| WHAT THE TASK ASKS |
Once the images are set aside, print the remaining lines below exactly.

| DATA EXTRACT |
################

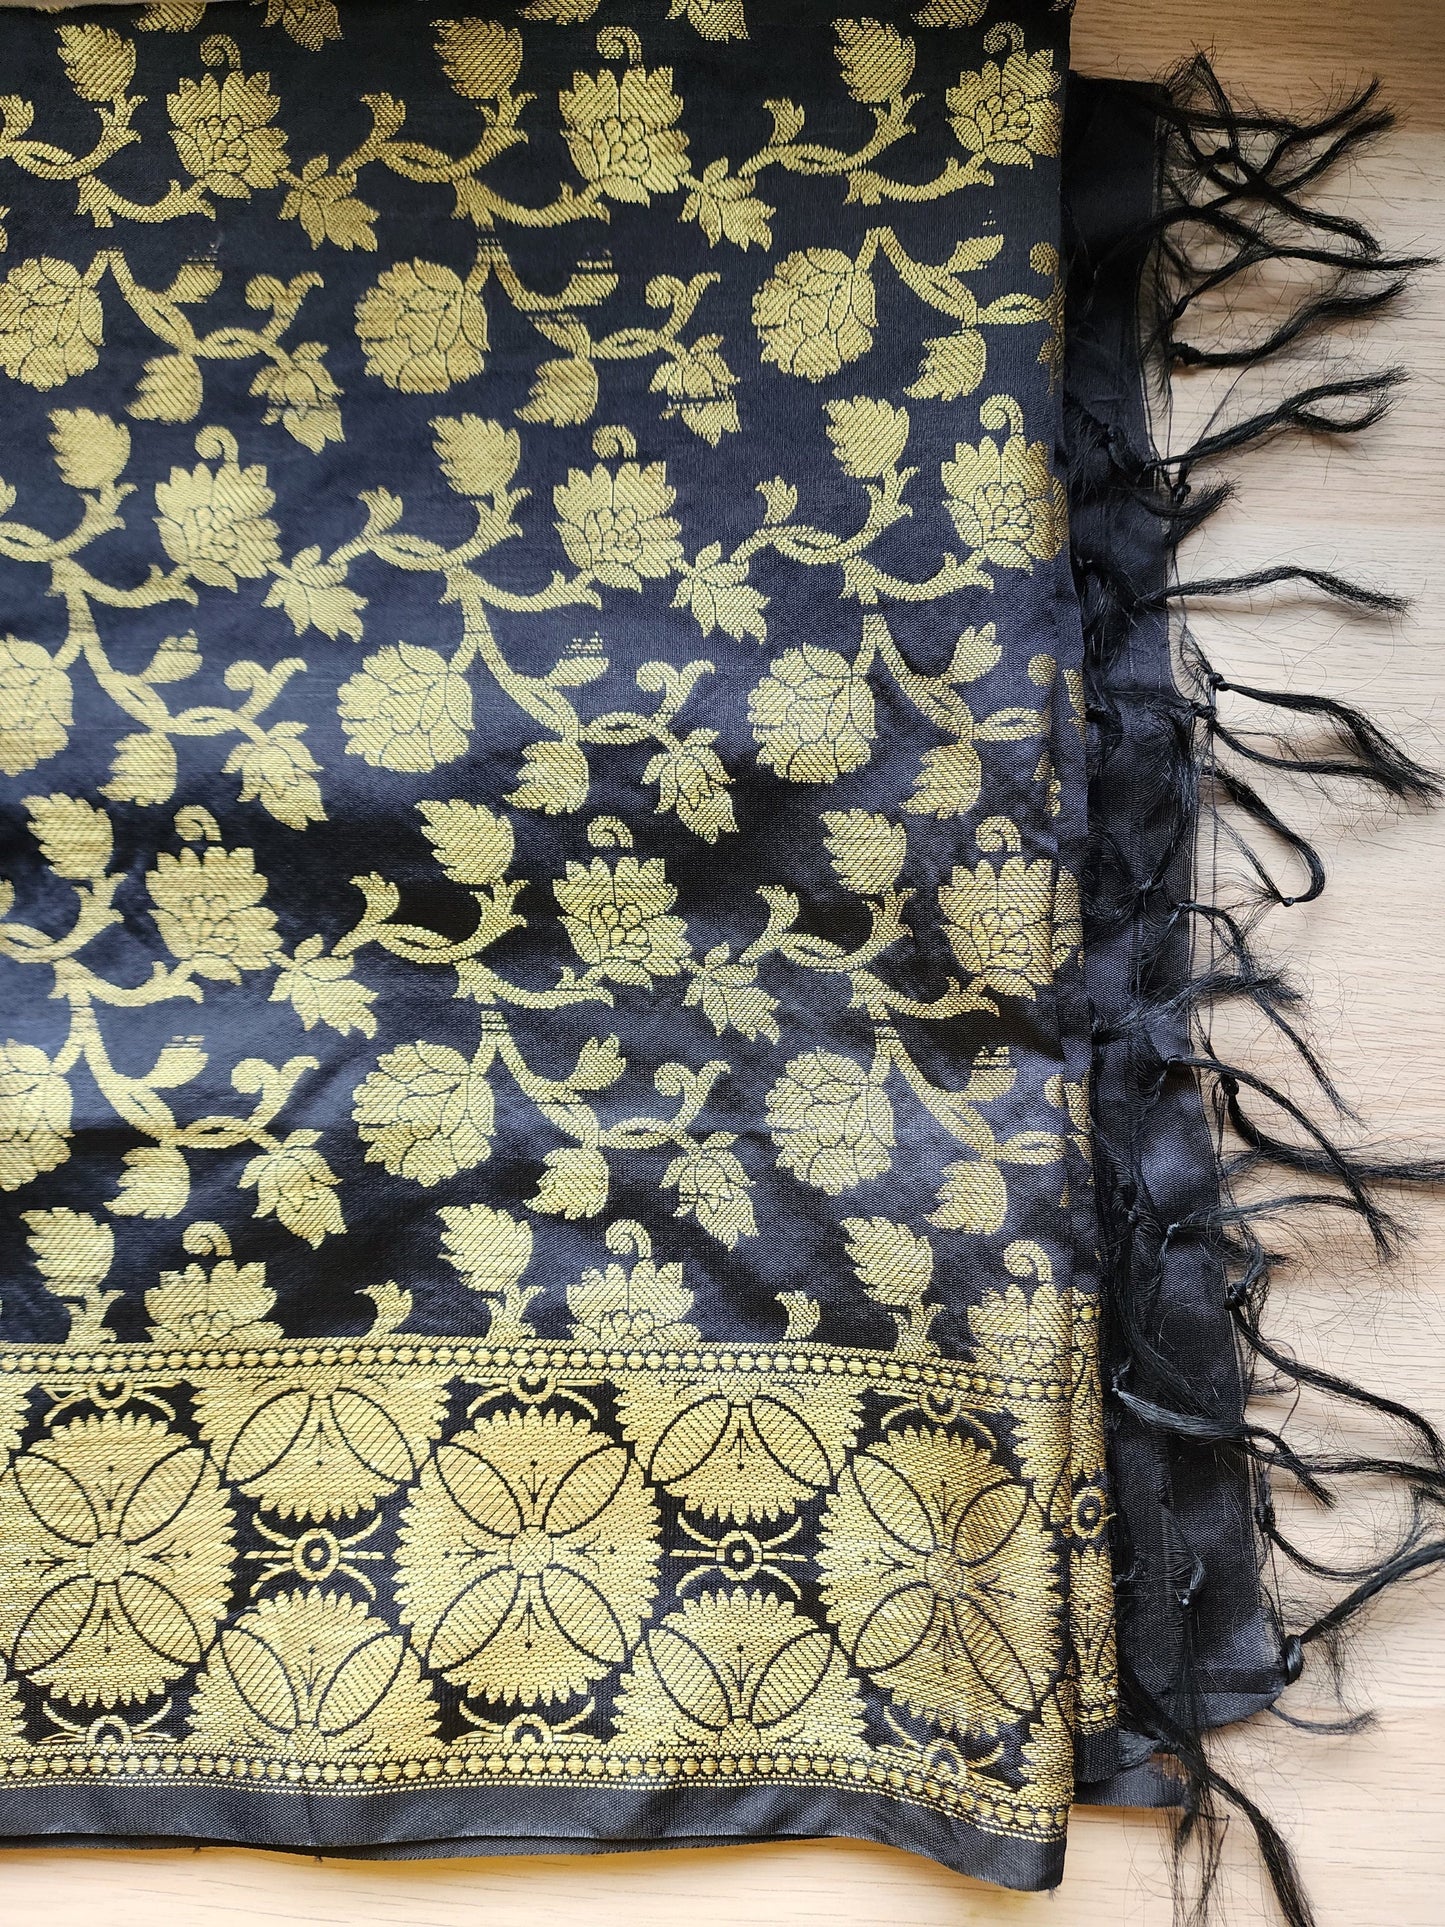 Banarasi Black Dupatta with gold handweaving, Indian traditional and Festive designer dupatta, luxurious, soft to touch dupatta
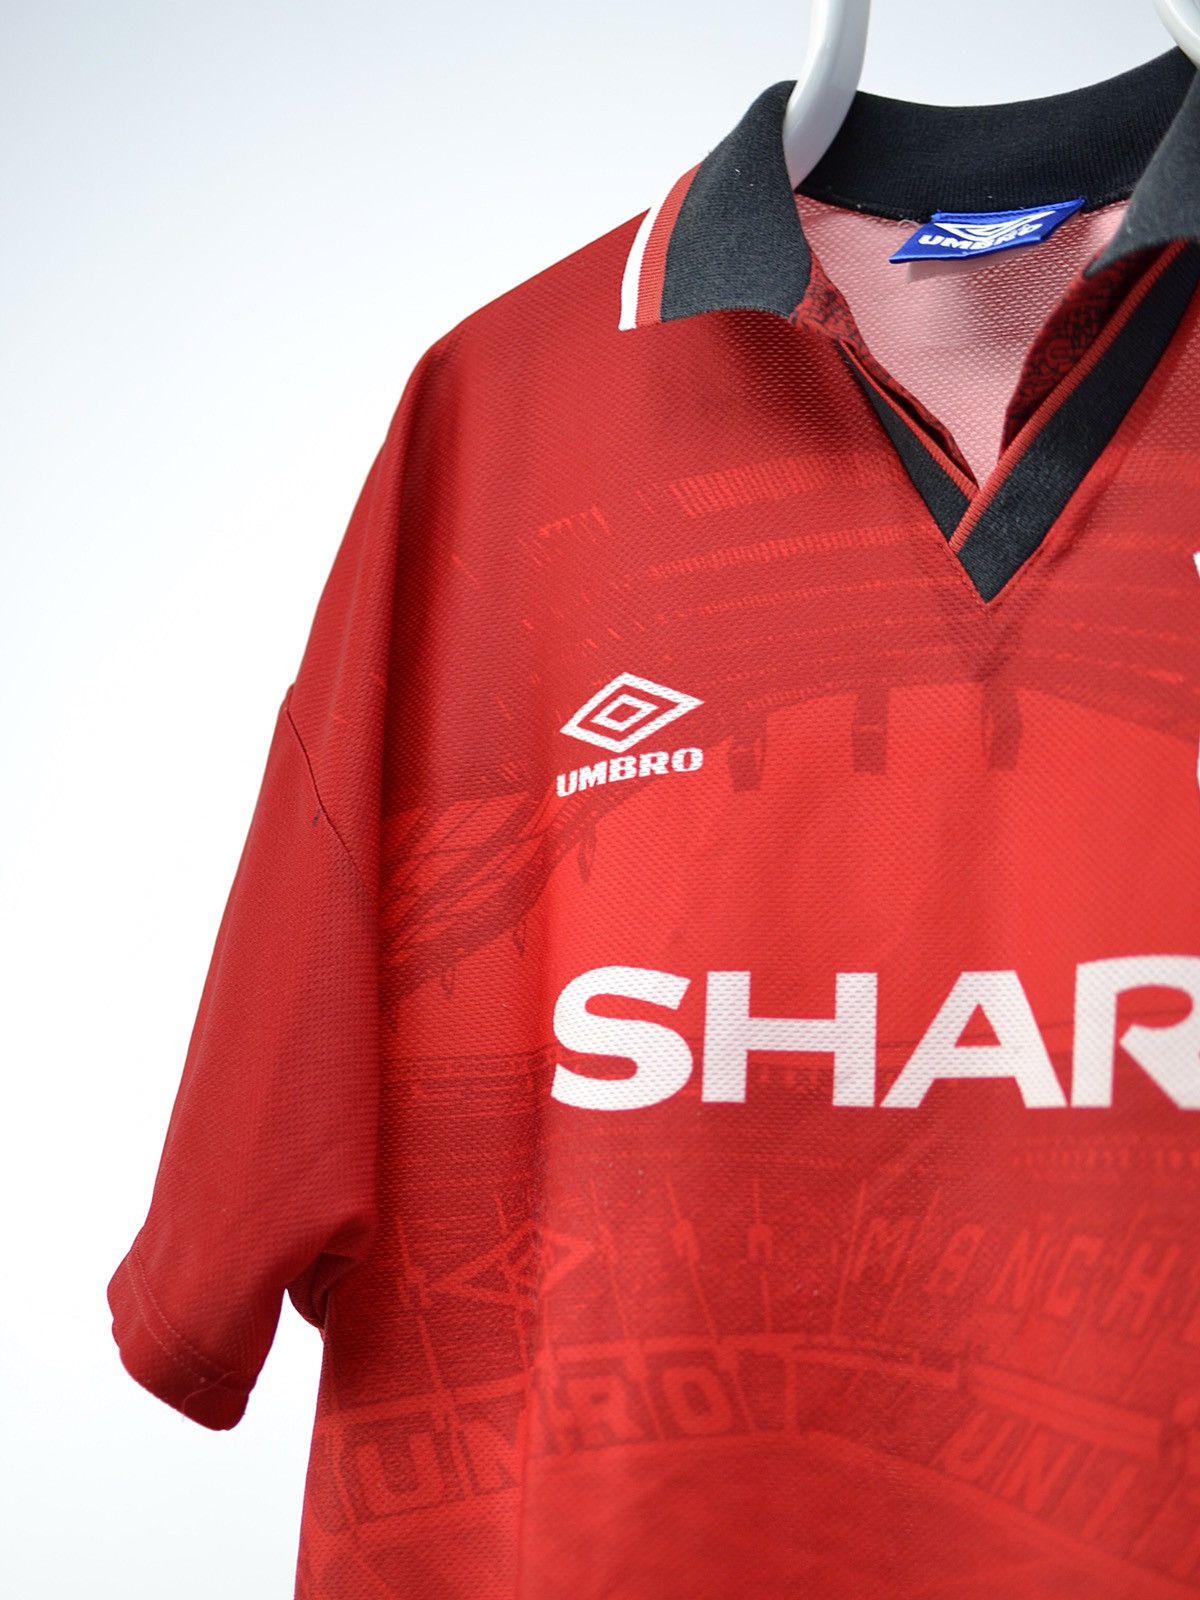 Umbro Vintage Manchester United Umbro Sharp Jersey Shirt 94/95 L Size US L / EU 52-54 / 3 - 5 Thumbnail
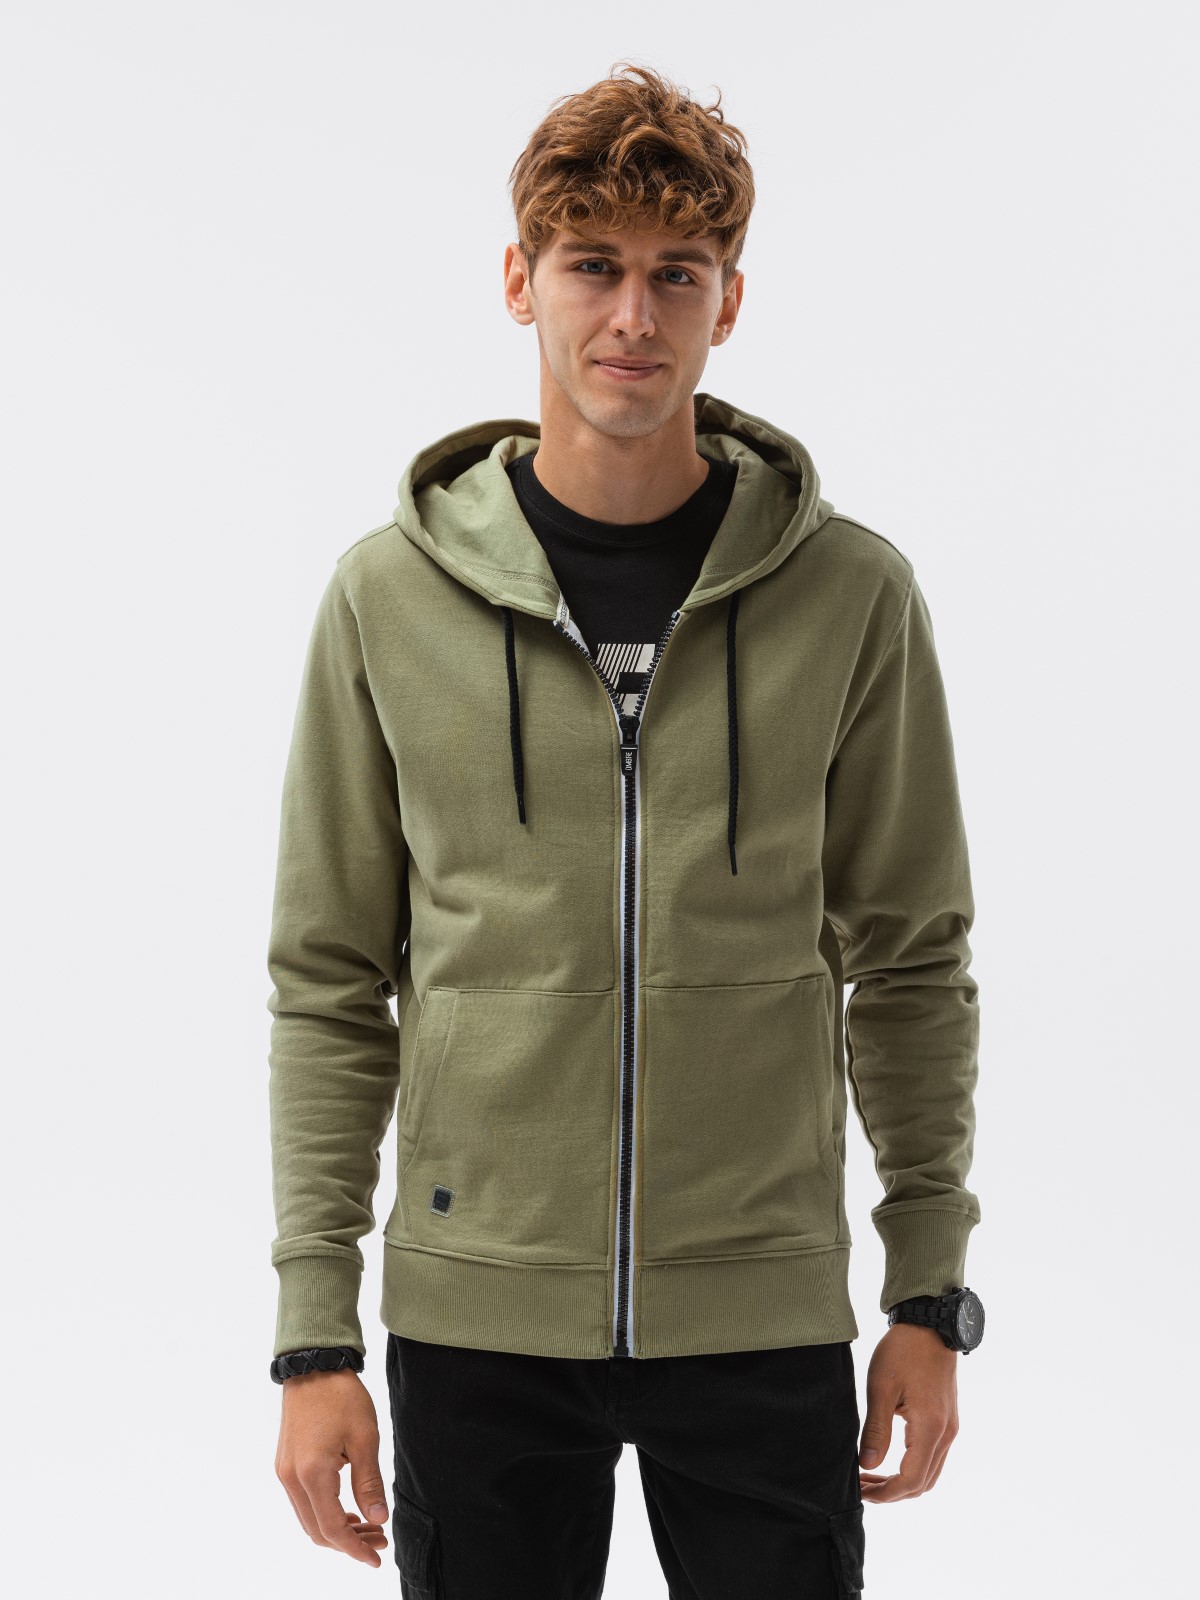 Men's zip-up sweatshirt B1145 - khaki | MODONE wholesale - Clothing For Men

################

| WRITTEN ANSWER |
 Banarasi Black Dupatta with gold handweaving, Indian traditional and Festive designer dupatta, luxurious, soft to touch dupatta
 Umbro Vintage Manchester United Umbro Sharp Jersey Shirt 94/95 L Size US L / EU 52-54 / 3 - 5 Thumbnail
 Men's zip-up sweatshirt B1145 - khaki | MODONE wholesale - Clothing For Men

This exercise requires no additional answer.